Goal: trick the Migration Assistant into importing a user-account from a newer version of the OS. (This will probably entail cloning the source OS, in this case Mojave, to a new temporary drive partition, then stripping out and/or replacing various software bits that the tool checks for. --It is not necessary that the temporary drive partition remain bootable, only that it be rendered kosher as an import source by High Sierra's Migration Assistant, and that the High Sierra destination user account successfully boot after importation. There will probably be other clean-up involved afterwards, such as too-new application versions that will need to be backpeddled, but that can wait.)

Assume possession of any required MacOS installation files, knowledge of disabling SIP and Terminal use, possession of cloning tools such as Carbon Copy Cloner 5 (if those are necessary in your ventured solution), and knowledge of proper drive preparation.
 

Slartibart

macrumors 68040
Aug 19, 2020
3,140
2,815
Using

ditto -c -k --sequesterRsrc --keepParent the-user-folder-of-interest archive-of-that-user.zip

in the terminal and then

ditto -x -k archive-of-that-user.zip destination

after copying to the new machine does not work?

Or just using Target Mode (High Sierra supports APFS) to connect and copy?
 

Minghold

macrumors 6502
Original poster
Oct 21, 2022
453
269
Using

ditto -c -k --sequesterRsrc --keepParent the-user-folder-of-interest archive-of-that-user.zip

in the terminal and then

ditto -x -k archive-of-that-user.zip destination

after copying to the new machine does not work?
Please explain exactly what is occurring with these commands. TIA.
Or just using Target Mode (High Sierra supports APFS) to connect and copy?
Cloning MacOS boot partitions is not an issue (i.e., there should be no need for target mode). Porting a user-account backwards from Mojave into High Sierra is what I am trying to do. (The Mojave installation was cloned into an HFS+ partition, so the annoyances of dealing with APFS security recalcitrance is not an issue either. I just want to trick the Migration Assistant into the using a future-OS source. (The same procedure, once derived, should presumably work for any other move backwards among HFS+ partitioned MacOSes.)
 

Slartibart

macrumors 68040
Aug 19, 2020
3,140
2,815
the ditto command sequence can be used to archive e.g. the complete content of user folder - basically a .zip-archive (you can similarly use e.g. disk image for that, or rar, …) - copy that to the target system and then merge its contents with an existing user account there.

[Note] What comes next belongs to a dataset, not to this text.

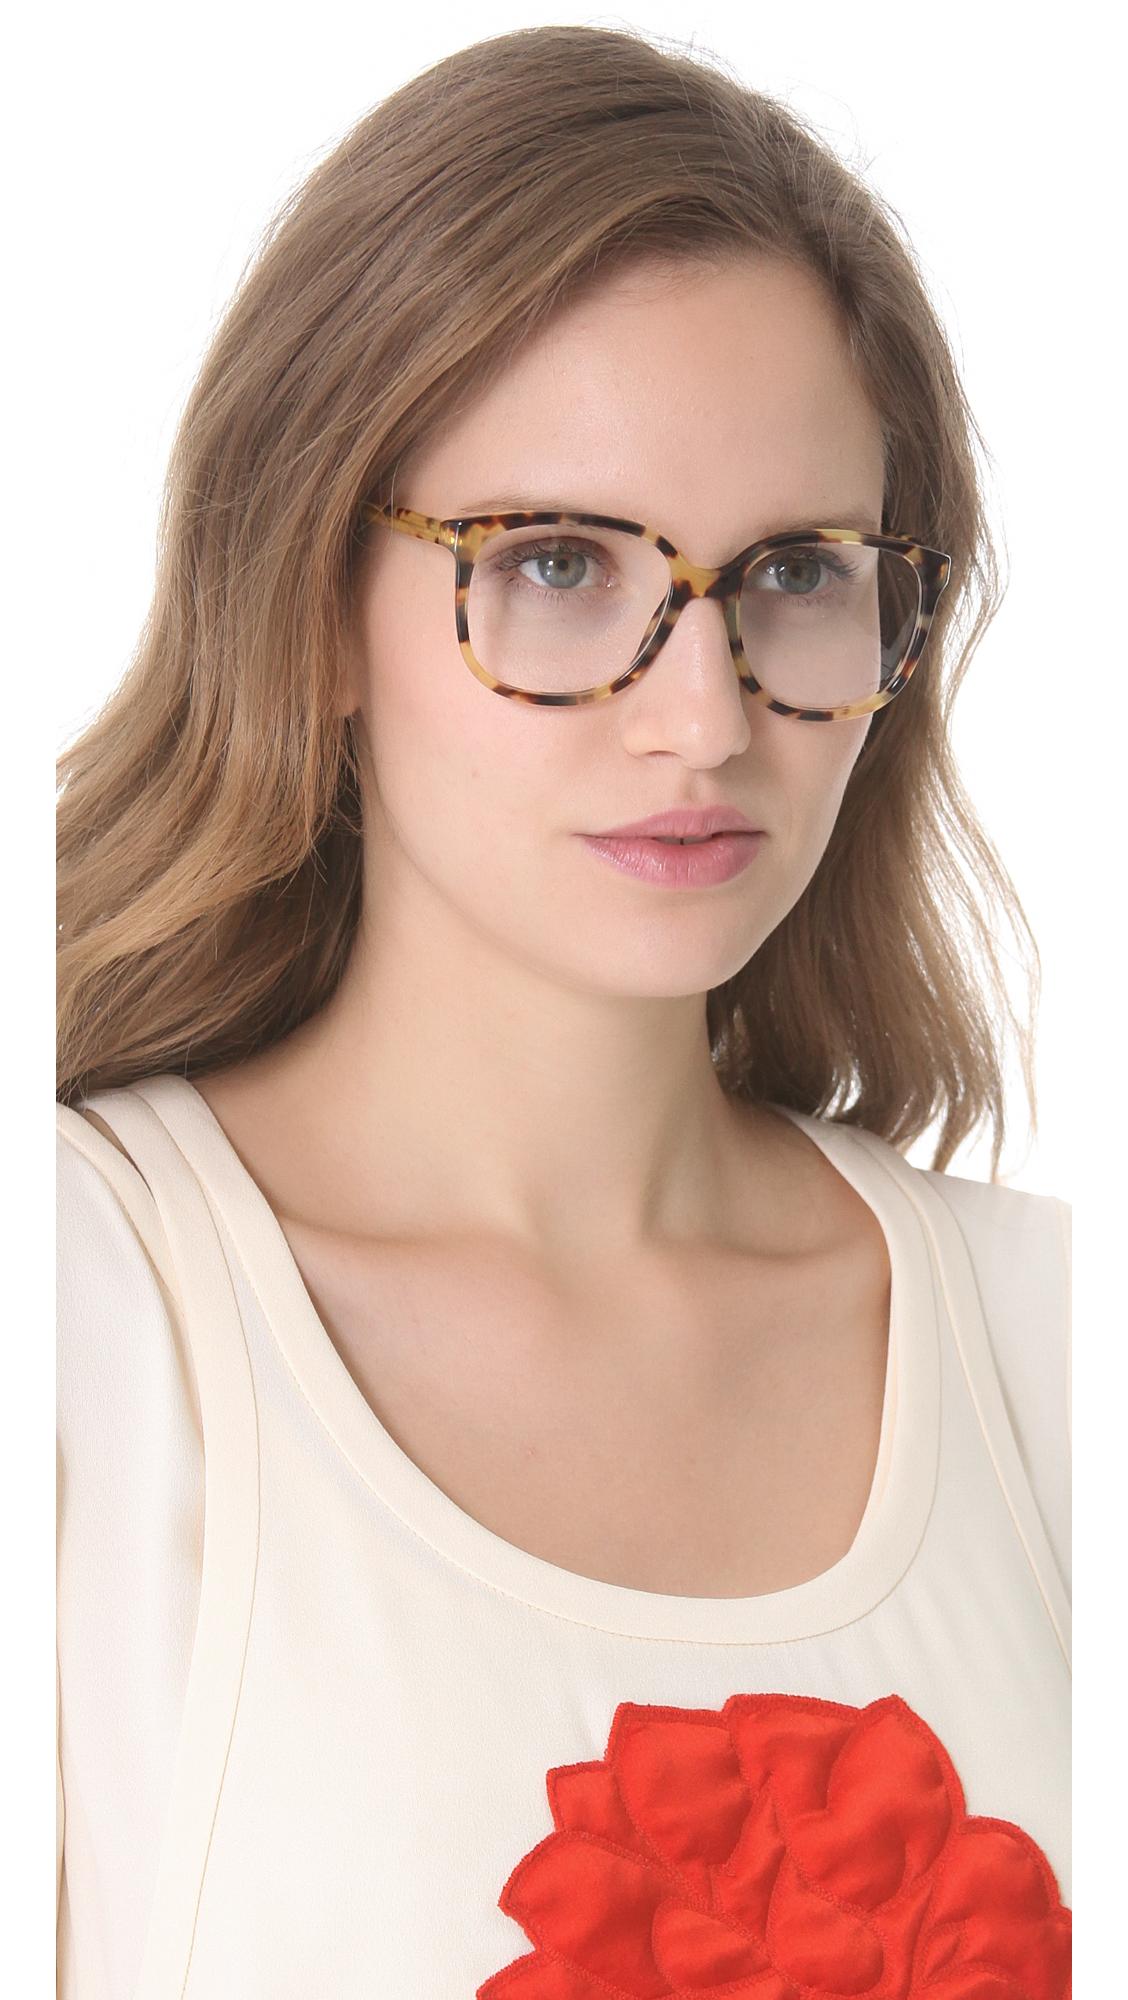 da25321c4b Stella McCartney Oversized Square Glasses
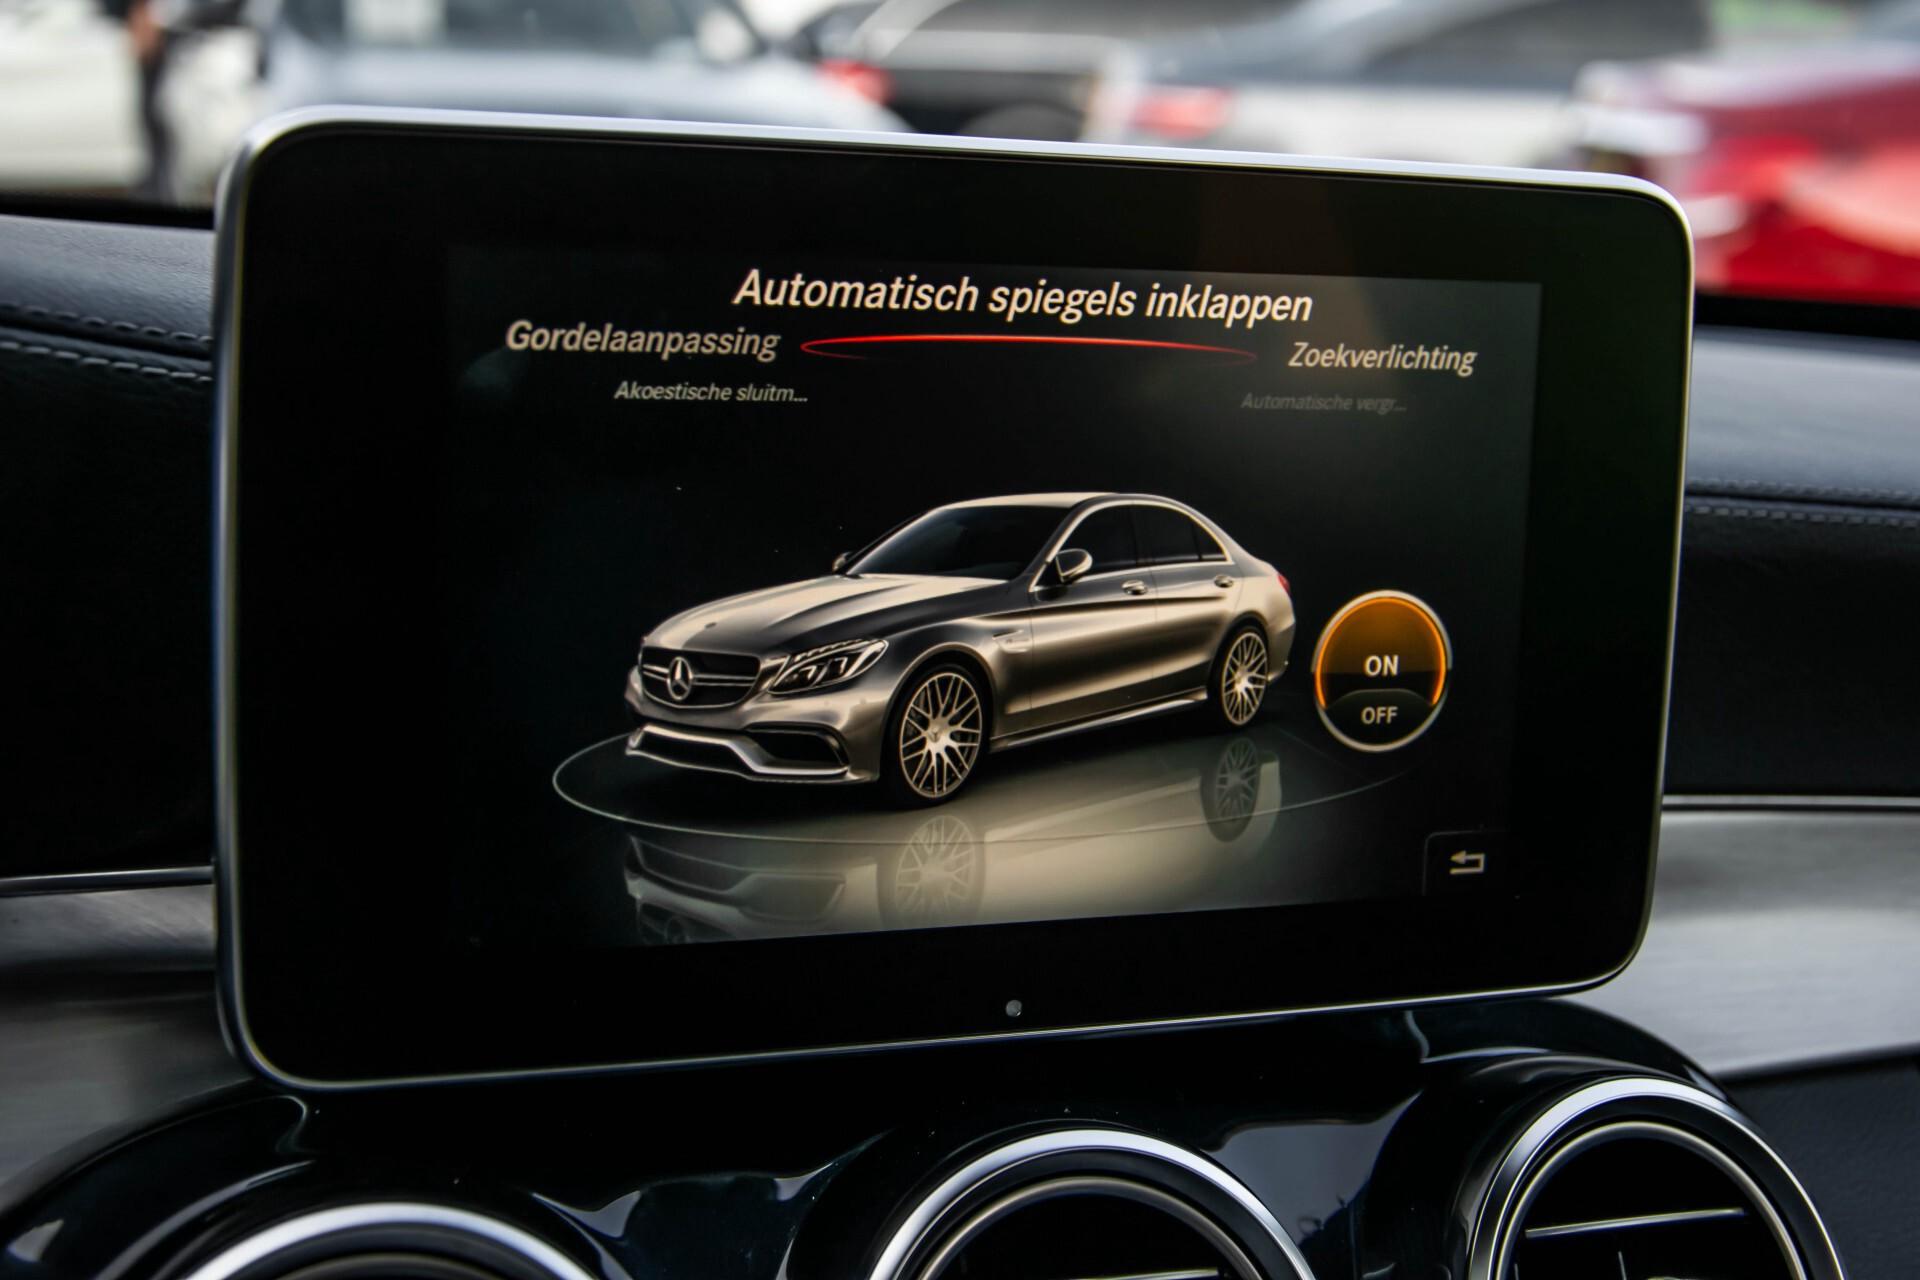 Mercedes-Benz C-Klasse 63 AMG S Panorama/Distronic/Keyless/Comand/Camera/ILS Aut7 Foto 34

Obviously there are potential sources for problems when moving backwards like format changes in preferences-, or .plist-files, etc. - but that’s a different building site. 🤓

I have no good idea to trick the Migration Assistant to use it to transfer a user folder with all contents from newer to old - but you do not need it for that (macOS itself creates a disk image of such content if delete a user and archive it).

Digging up that previous link, disk imaging the user folder on Mojave and then mount and copy the content to the identical user on the High Sierra system seems to offer a solution.
 
Last edited:

Minghold

macrumors 6502
Original poster
Oct 21, 2022
453
269
(bumping this thread, as 3K views would suggest that there's a lot of people out there looking for an easy way to backgrade their OS to something that isn't deliberately trying to screw them left and right.)